The Data

The Framingham Heart Study is a long term prospective study of the etiology of cardiovascular disease among a population of free living subjects in the community of Framingham, Massachusetts. The Framingham Heart Study was a landmark study in epidemiology in that it was the first prospective study of cardiovascular disease and identified the concept of risk factors and their joint effects. The study began in 1948 and 5,209 subjects were initially enrolled in the study. Participants have been examined biennially since the inception of the study and all subjects are continuously followed through regular surveillance for cardiovascular outcomes. Clinic examination data has included cardiovascular disease risk factors and markers of disease such as blood pressure, blood chemistry, lung function, smoking history, health behaviors, ECG tracings, Echocardiography, and medication use. Through regular surveillance of area hospitals, participant contact, and death certificates, the Framingham Heart Study reviews and adjudicates events for the occurrence of Angina Pectoris, Myocardial Infarction, Heart Failure, and Cerebrovascular disease.

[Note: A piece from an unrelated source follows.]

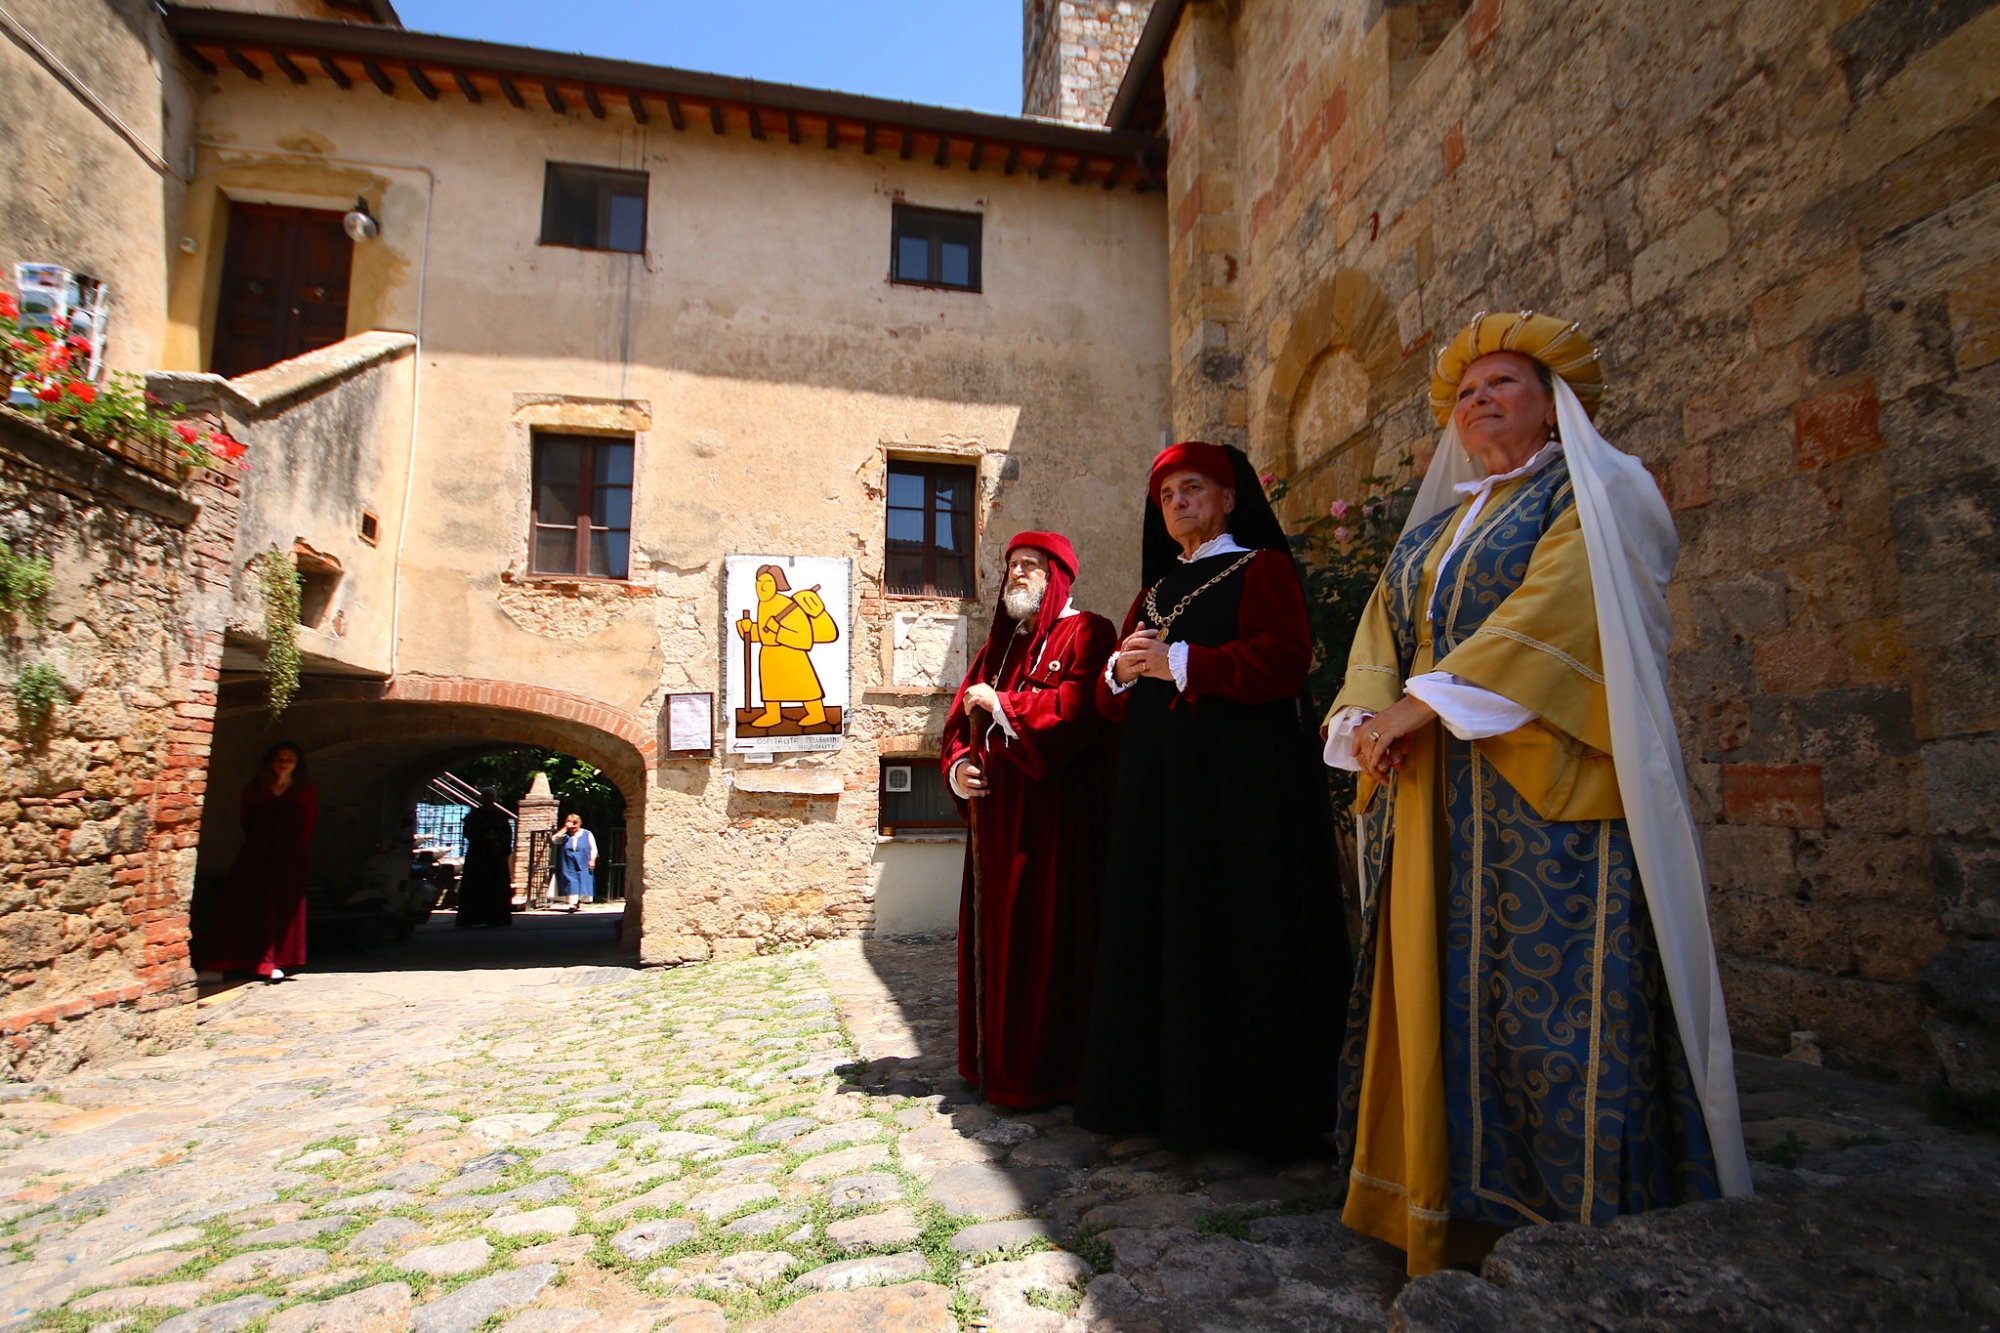 Medieval Festival in Monteriggioni

The dataset is a subset of the data collected as part of the Framingham study and includes laboratory, clinic, questionnaire, and adjudicated event data on 4,434 participants. Participant clinic data was collected during three examination periods, approximately 6 years apart, from roughly 1956 to 1968. Each participant was followed for a total of 24 years for the outcome of the following events: Angina Pectoris, Myocardial Infarction, Atherothrombotic Infarction or Cerebral Hemorrhage (Stroke) or death.

Logistic Model

Our goal will be to build a model to explain hypertension. We will do this cross-sectionally and consider what covariates at baseline explain whether or not a subject will have hypertension. Your goal with this will be to go through the output given here and pick the best model:

  1. Discuss the outcome variable ( what is the outcome, how many subjects have this outcome? …)
  2. Make a table of the values for the simple logistic regressions. Comment on what you see here.
  3. Walk through the process of multivariate model builing.
  1. Look over the models, do the coefficients look the same as the simple logistic regression?
  2. What model would you choose?
    • Make sure to show tests comparing some of the models and why you chose the model you chose.
    • Remember some tests are shown that may no be done appropriately.

Survival Model

We will now build a model to explain hypertension with survival data. Your goal with this will be to go through the output given here and pick the best model:

  1. Discuss the outcome variable ( what is the outcome, how many subjects have this outcome? …)
  2. Consider the 4 models.
    • Do the models contain significant coefficients?
    • Do the models meet the proportional hazards assumptions?
  3. Can we pick a final Model?
    • Does this have the same variables as the logistic?